((
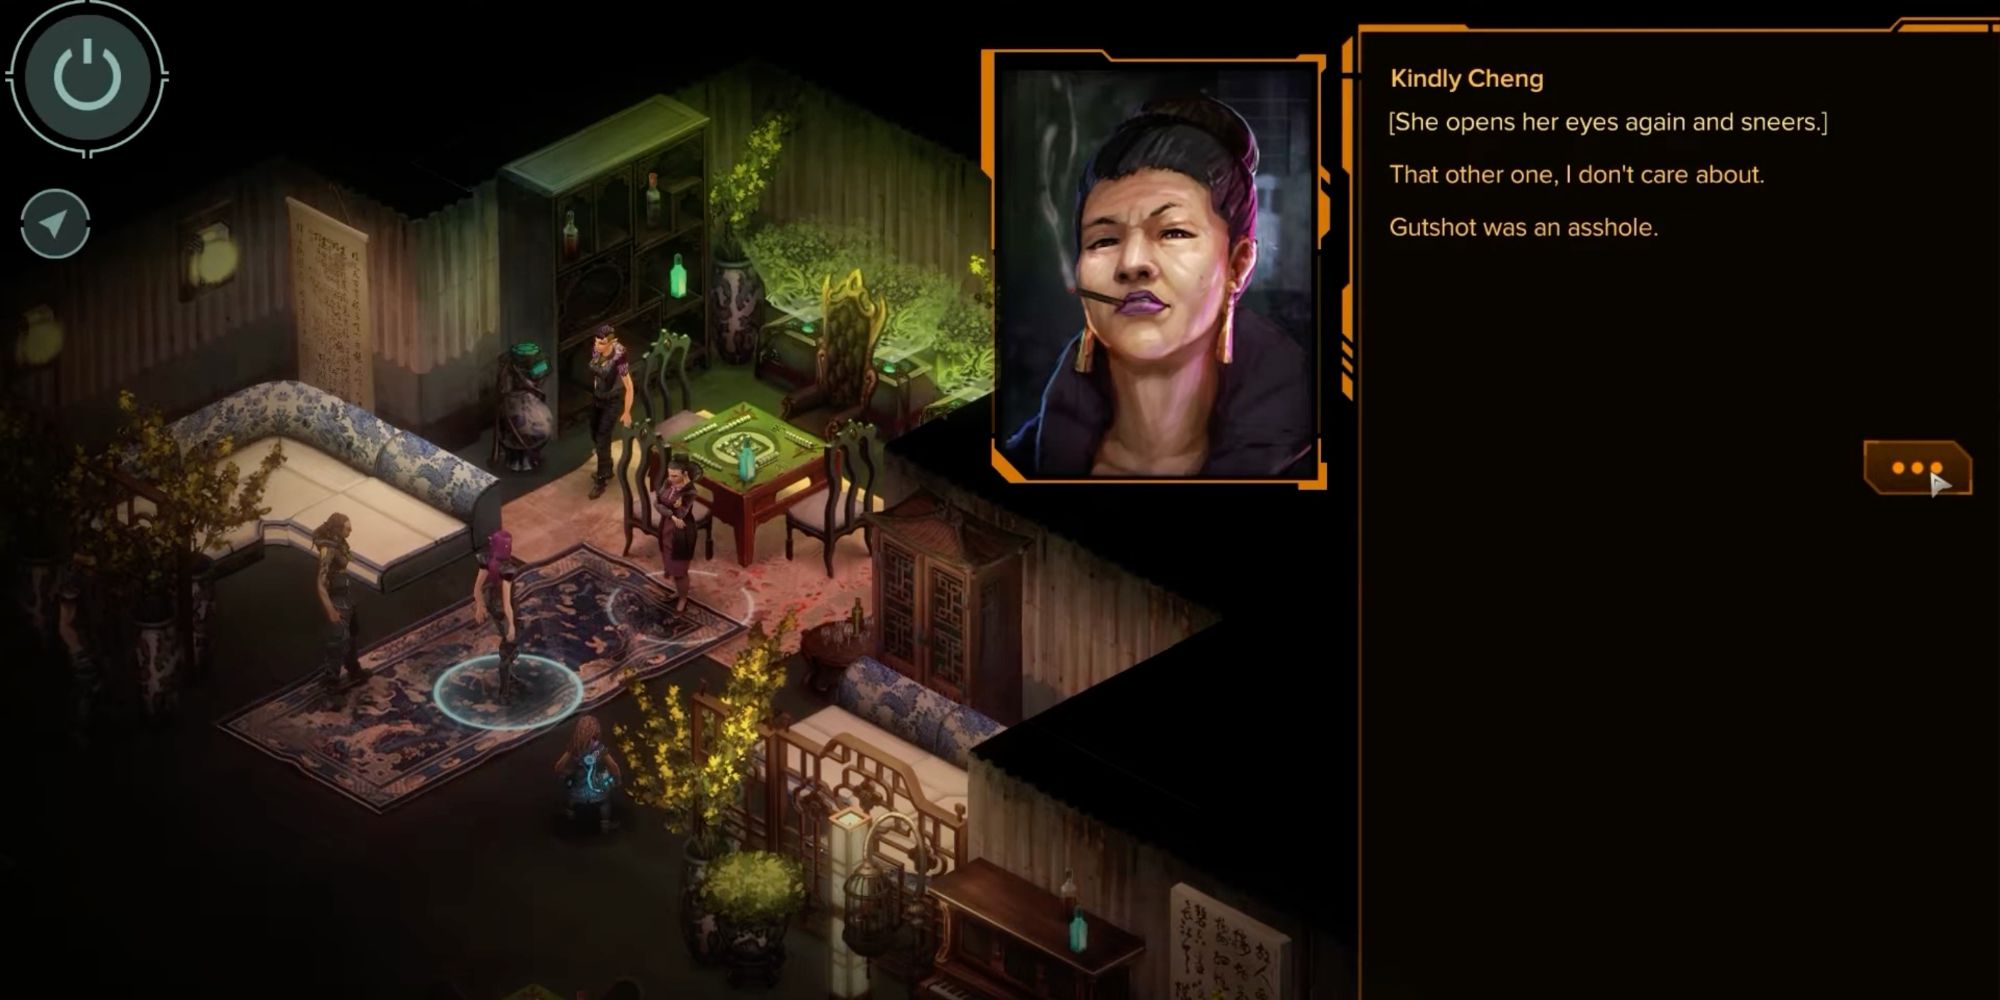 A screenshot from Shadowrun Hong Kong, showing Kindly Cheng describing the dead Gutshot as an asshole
))
((
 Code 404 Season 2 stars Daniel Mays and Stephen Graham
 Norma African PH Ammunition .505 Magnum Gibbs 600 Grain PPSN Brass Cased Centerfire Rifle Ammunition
))
» **WHAT TO DO**:
Taking the entries above, restate exactly those lines that fall between the line with "Code 404 Season" and the line with "Norma African PH", keeping both of those lines too.

» **ANSWER SPACE**:
 Code 404 Season 2 stars Daniel Mays and Stephen Graham
 Norma African PH Ammunition .505 Magnum Gibbs 600 Grain PPSN Brass Cased Centerfire Rifle Ammunition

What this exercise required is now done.